Since 2022 I have been working on the transformer models used by Leela Chess Zero to guide search.
My main contribution was a position encoding that enables models to play as if 2.5x larger with a ~15% latency bump.
The latest architecture iteration can at a scale of 190 million parameters produce a policy that is competitive with grandmasters.
Modern GPUs can evaluate this model thousands of times per second, allowing the engine to effectively emulate the strength of thousands of grandmasters.
A weaker feat in the same vein was achieved independently and concurrently in
a 2024 paper by DeepMind
with an agent that evaluates
a 270-million parameter model for each legal move. Our strongest model outperforms DeepMind's with 30x less computation.
This architecture has also been the subject of a NeurIPS article and two preprints.

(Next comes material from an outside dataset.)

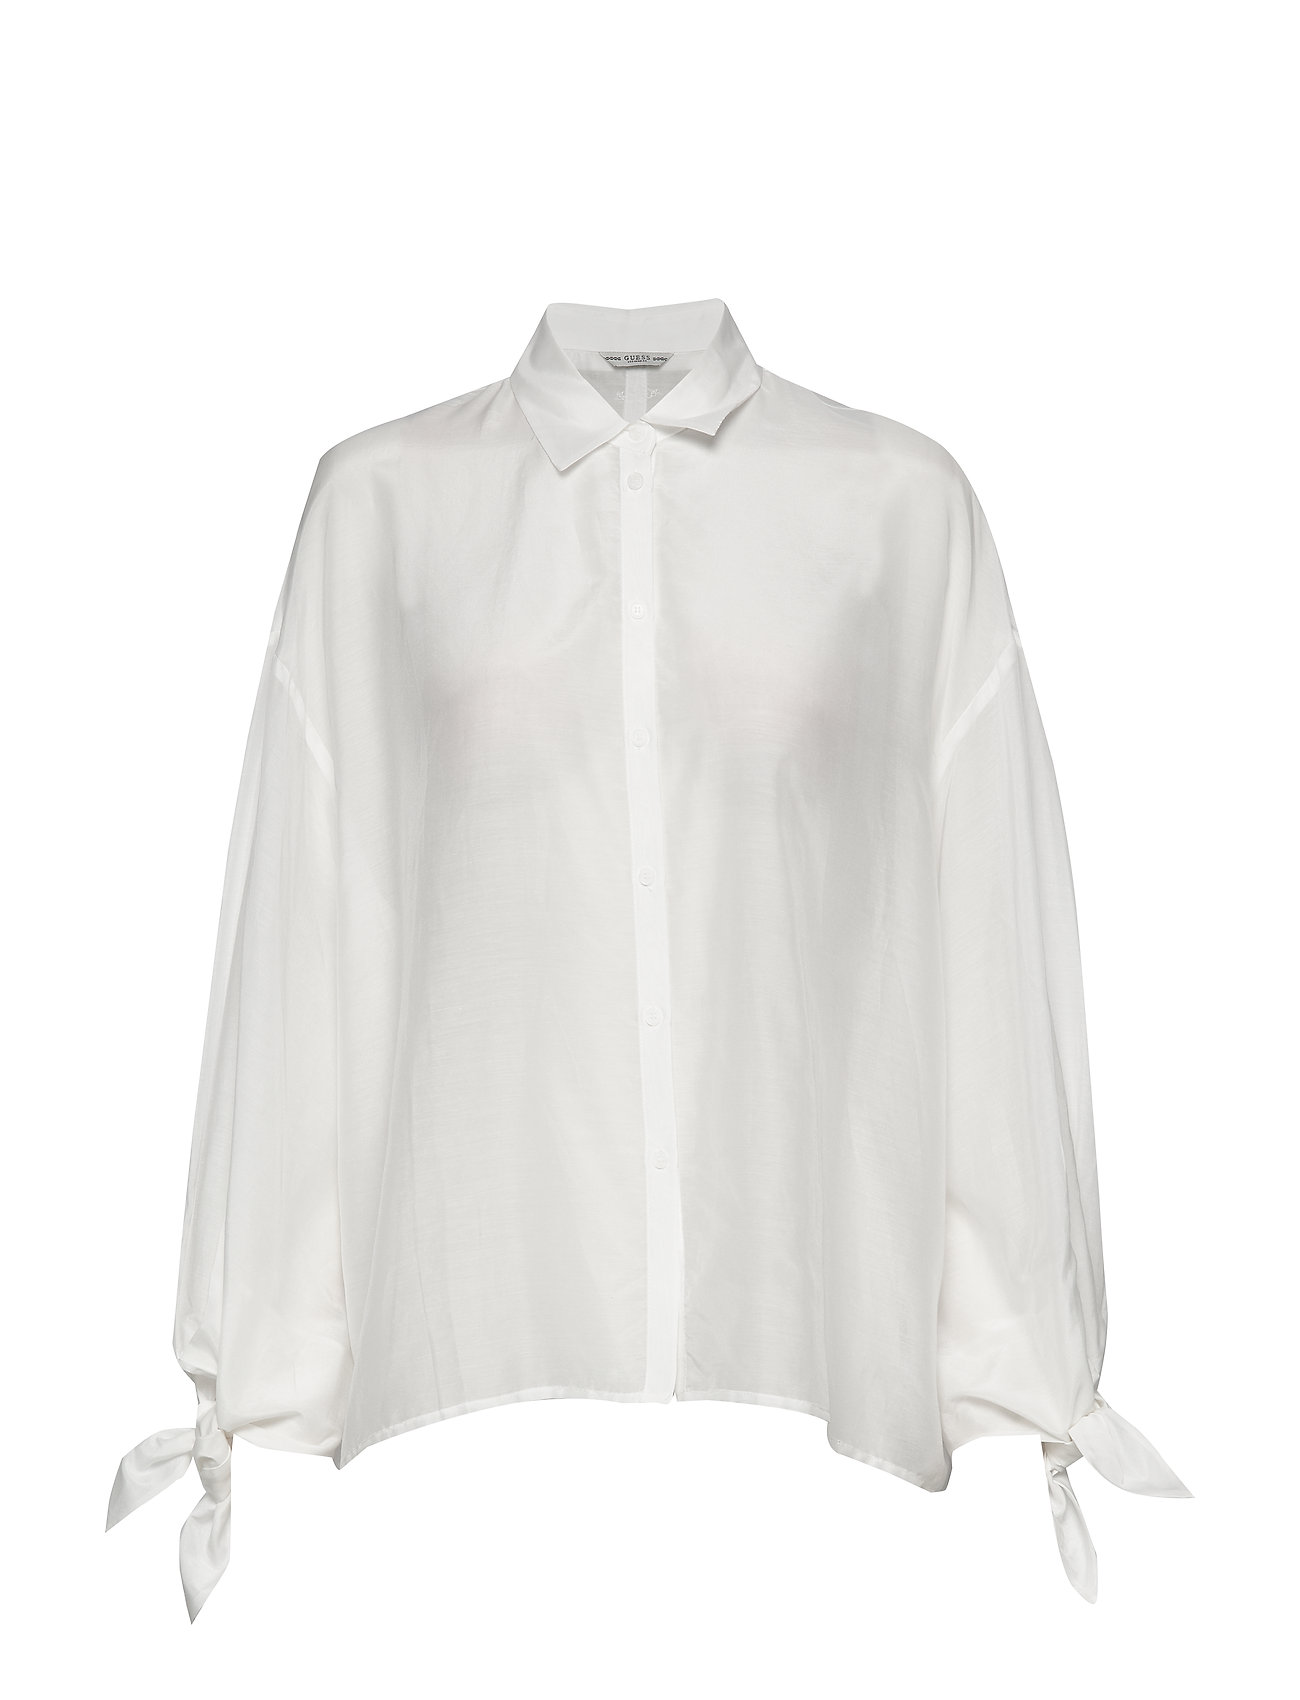 GUESS Jeans LS MARISA SHIRT - TRUE WHITE A000

One of the most interesting discoveries was an attention head which transmits information from the "to" square of the player's predicted follow-up move to the "to" square of the player's next move.
Each of my testing runs took a week or two on an A100 GPU, and training of full models took on the order of months on a cluster of 8 A100s.
All my work was in Tensorflow, and models were trained in the supervised setting on datasets of billions to tens of billions of positions
generated by prior reinforcement learning runs.
Some of the improvements I made to search include uncertainty weighting, which was first proposed in Go and allows the engine to put more
effort into positions the neural network reports uncertainty about, gaining 5 Elo;
and a scheme for sometimes reusing evaluations for positions that differ only in the 50-move rule count, gaining around 10 Elo.
Versions of Leela equipped with a Chessformer model and these search improvements defeated the reigning champion, Stockfish, at the TCEC Cup 11 and TCEC Swiss 6 and 7 championships.
See
my blog post and
our preprint. We have a newer submission under review.
Since 2024 I have been involved in the development of Stockfish, which is widely considered the strongest chess engine in existence. I have commited to the official Stockfish repository 60 times. Some of my favorite improvements, each of which gained Elo, follow:
In 2015 I created a distributed computing project in BOINC to calculate lower bounds for a combinatorial object called a van der Waerden number
using on a construction based the discrete logarithm modulo a prime. This started out as a way to get acquainted with Unix and C++ and to combine the computing power
of a few laptops into an interesting project, but the project soon grew to include over 500 users in 90 countries. We discovered around a dozen new bounds,
leading to a paper.
The infrastructure basically consisted of a server running a MySQL database to communicate with clients running a 200-line C++ program through BOINC.
The server assigned ranges of integers to clients, and the clients returned the minimum length of the
longest arithmetic progression in a coloring corresponding to each prime in that range.
Two clients validated each other's results and sent their results to the server, which updated the table of bounds in real time.
I revamped the project in high school to focus on the two-color case of the problem, which allowed packing bits and reducing the memory requirement by a factor of 8.
This allowed pushing the upper limit of the primes checked from a billion to 4 billion.
I recently noticed that there was a lot of interest in projects like Stockfish and Lc0, with videos about games between these engines garnering hundreds of thousands of views. However, there are plenty of misconceptions about how these engines work. I make videos about the development of these engines, with a focus on my work. The channel has ~4 thousand subscribers and over a hundred thousand views. These videos have led several new contributors to Stockfish.